Supplied data below:

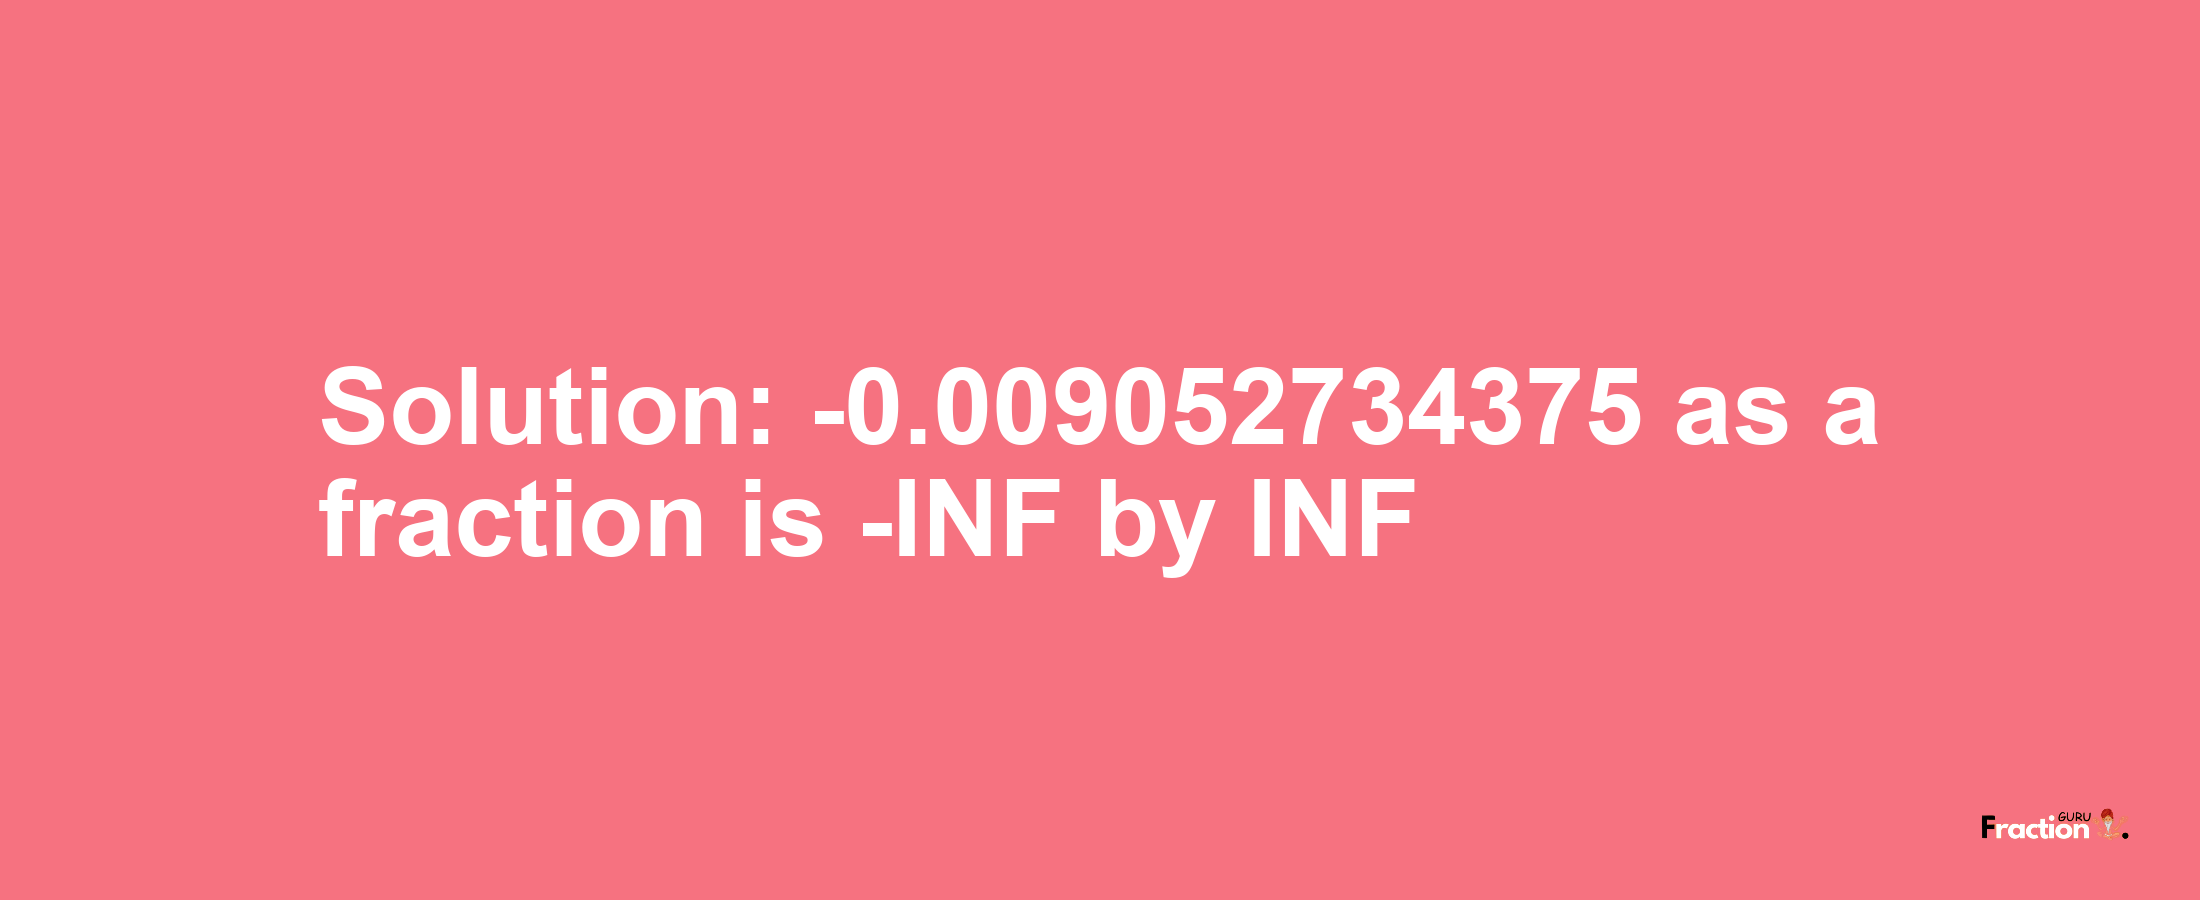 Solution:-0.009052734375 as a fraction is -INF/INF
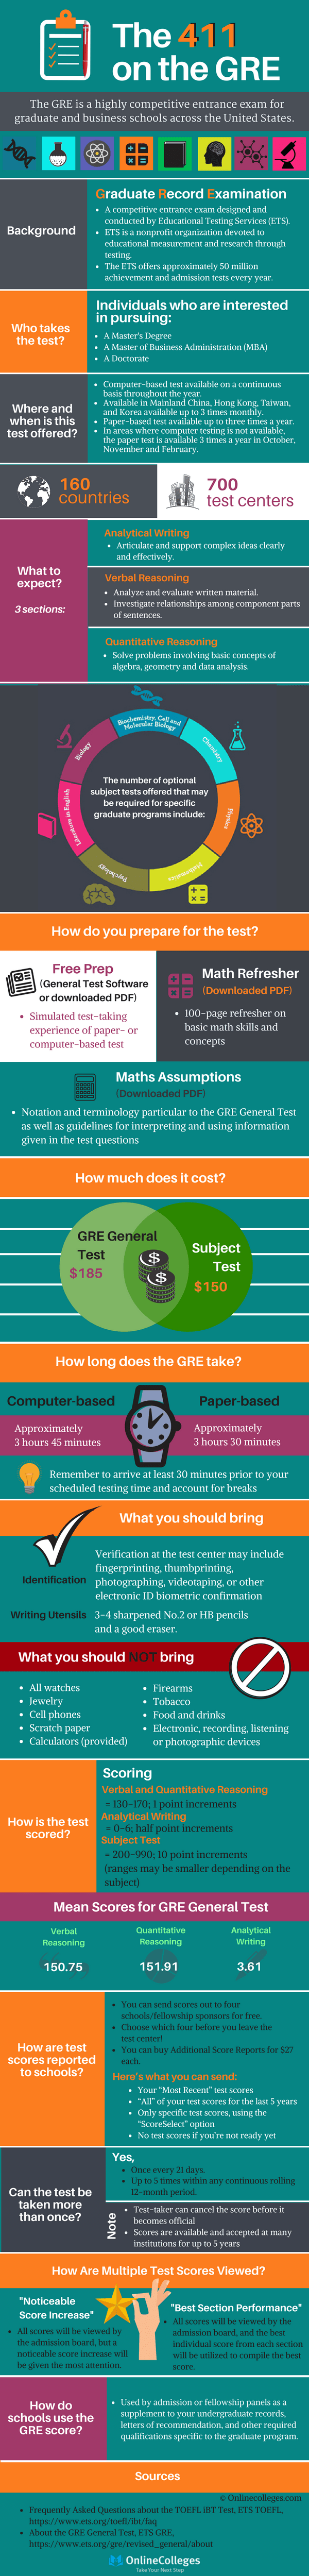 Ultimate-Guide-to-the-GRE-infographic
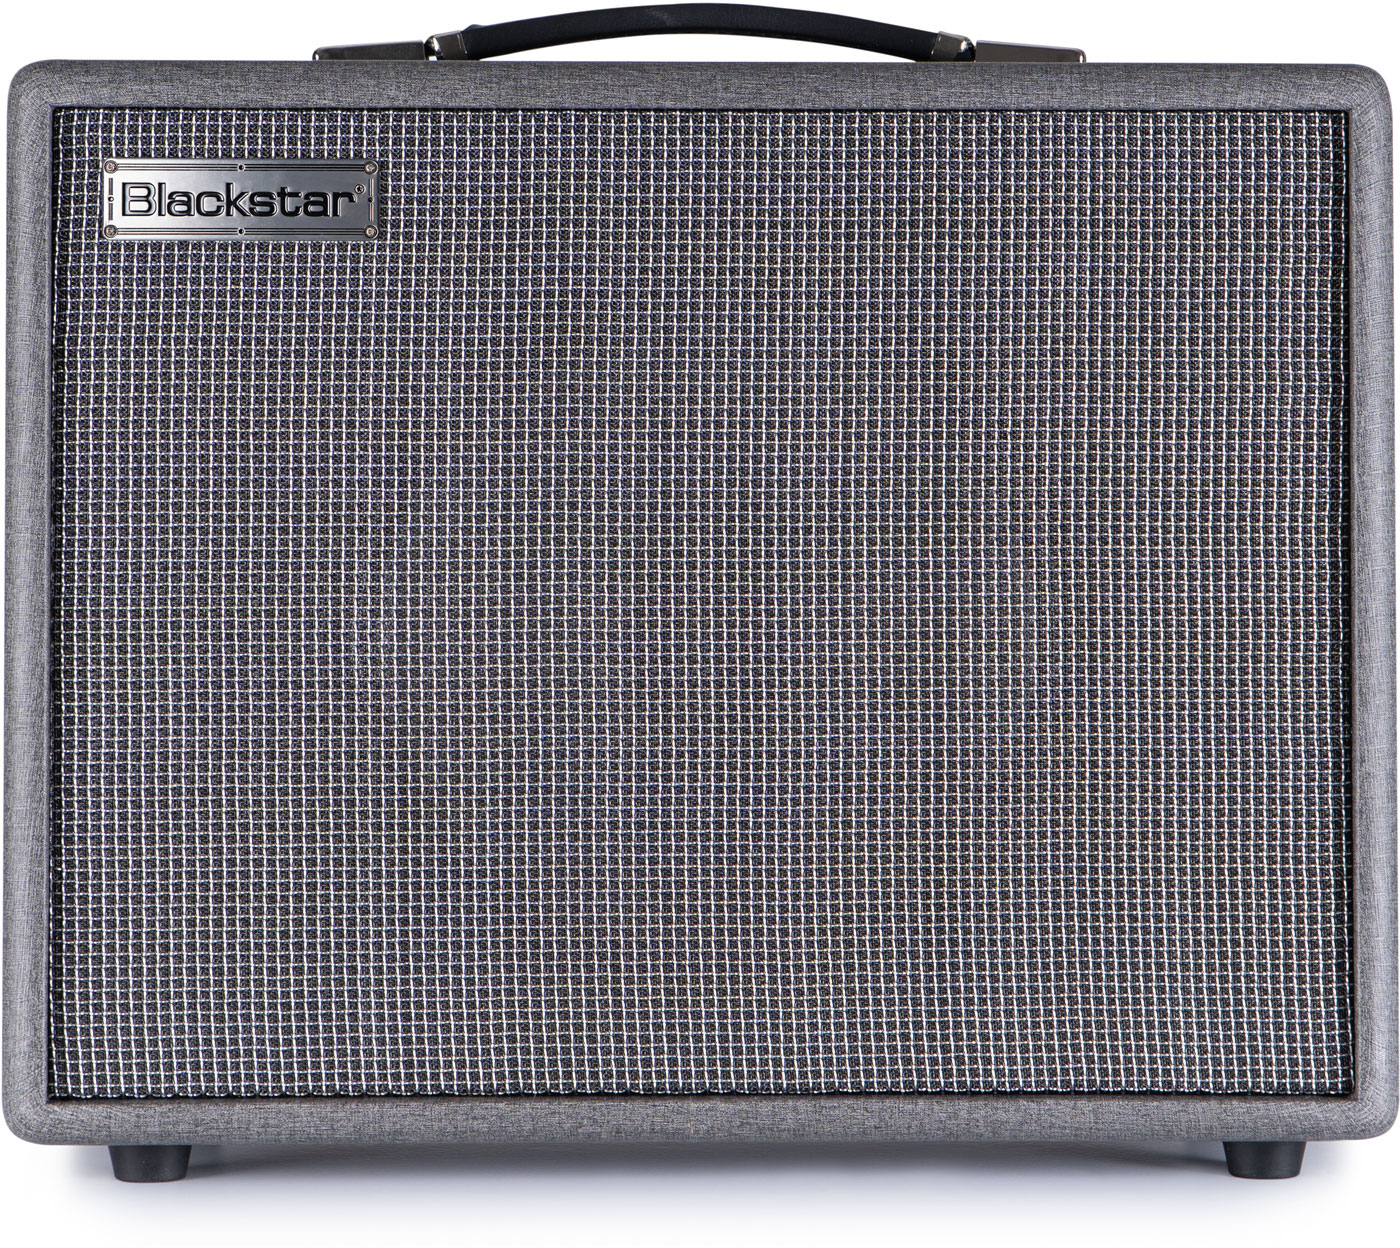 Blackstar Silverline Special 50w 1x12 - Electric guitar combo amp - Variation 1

End of Supplied data.

**What the task asks**
Write out the data above exactly as it appears, but without any image.

**Your solution**
 Solution:-0.009052734375 as a fraction is -INF/INF
 Ultimate-Guide-to-the-GRE-infographic
 Blackstar Silverline Special 50w 1x12 - Electric guitar combo amp - Variation 1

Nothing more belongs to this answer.